Cervical Cancer : Should You Be Worried?

Cervical cancer is the second most common cancer among women in the world and the survival rate is just above 50%. In India, around 1,40,000 cases of cervical cancer are reported every year. Here are the causes, symptoms, treatments and most important of all, how to prevent yourself from being diagnosed with cervical cancer.

What causes Cervical cancer?

It is caused by a virus called human papillomavirus (HPV). This virus infection can cause abnormal growth of cervical cells and these cells can spread to other parts of the body. This is also known as cervical dysplasia. But not all types of HPV viruses will cause cervical cancer.    

Smoking – both active and passive, birth control pills or oral contraceptives, multiple pregnancies, sexual contact with a person already infected with HPV and having many sexual partners are a few risk factors than can result in cervical cancer.

In early stages, no symptoms are seen but will gradually show up as cancer progresses. It usually develops from the precancerous stage over a period of 10 to 20 years.

It is diagnosed by a cervical screening such as a pap smear followed by a biopsy of the cervix. The next stage is to do a medical imaging to determine the extent to which cancer has spread. Tests like palpation, inspection, colposcopy, hysteroscopy, cystoscopy and X-ray imaging are used to find out the stage of cancer.

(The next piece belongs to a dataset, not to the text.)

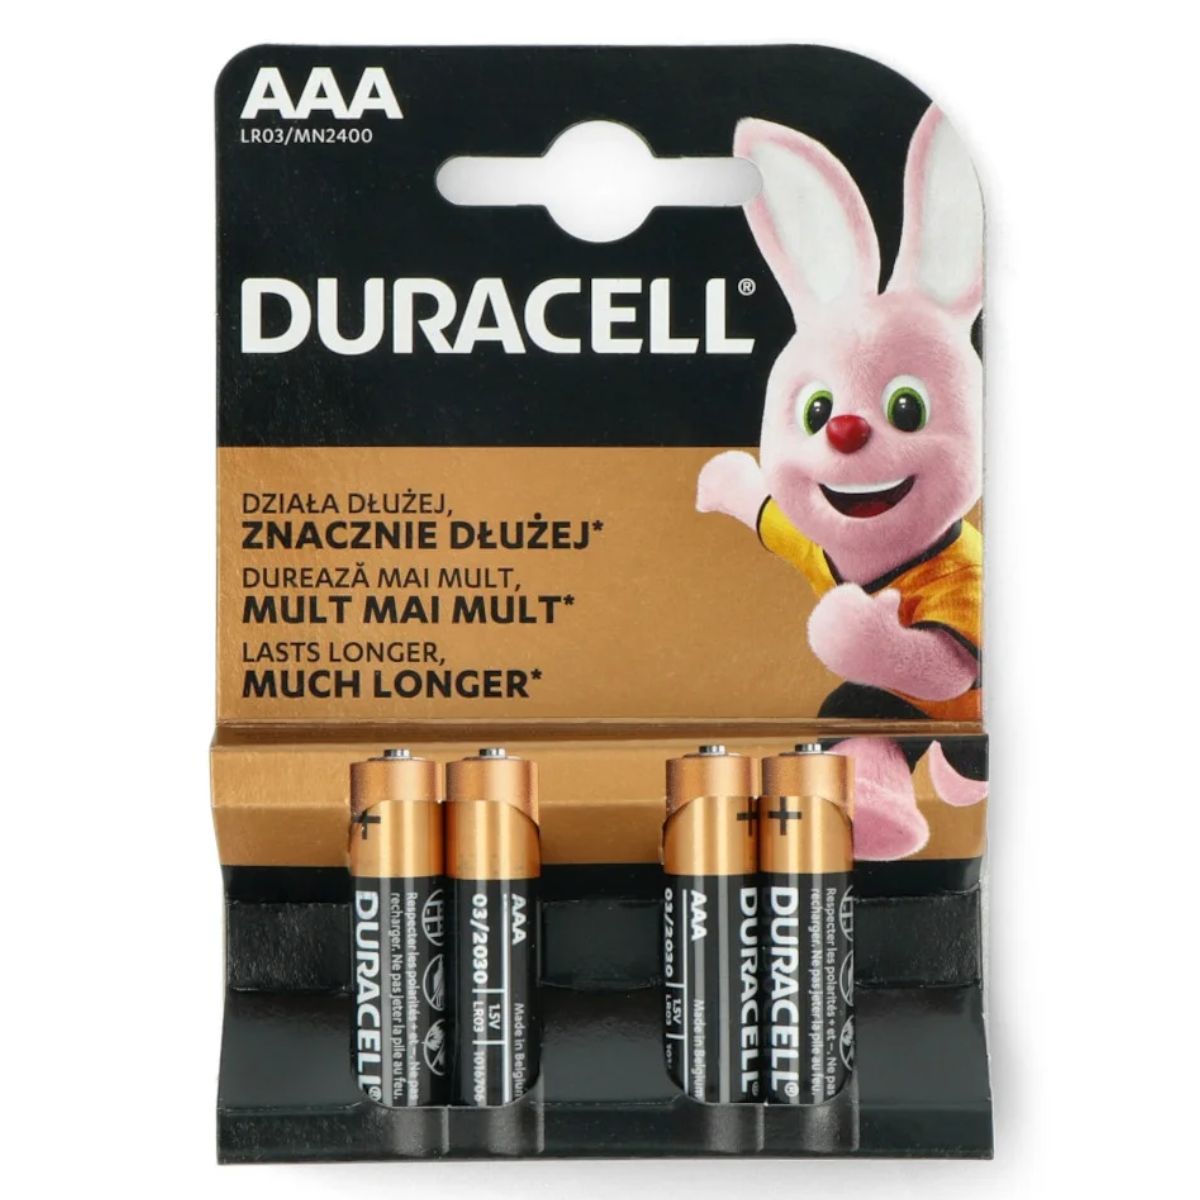 Packaging of Duracell - Duralock AAA Batteries featuring the brand's pink bunny mascot, with text in multiple languages stating "long-lasting energy.

Symptoms and signs of Cervical cancer

– Vaginal bleeding.

– Abnormal vaginal discharge.

– Bleeding after sexual intercourse.

– In rare cases, vaginal mass.

During advanced stages the following symptoms are also noticed :

– Loss of appetite.

– Weight loss.

– Fatigue.

– Pelvic, back and leg pain.

– Swollen legs.

– Bone fractures.

– Leakage of urine or feces from the vagina.

Treatment for cervical cancer

Depending on the stage of cervical cancer, treatment is varied. But a few common treatments are :

Hysterectomy which is a surgical procedure of removing pelvic lymph nodes which may or may not involve the removal of the ovaries and fallopian tubes. This is usually done for micro-invasive cancer in stage 1A. Undergoing a hysterectomy will mean that the person can’t have any children but this is usually kept as the last option only when the cancer is progressing rapidly.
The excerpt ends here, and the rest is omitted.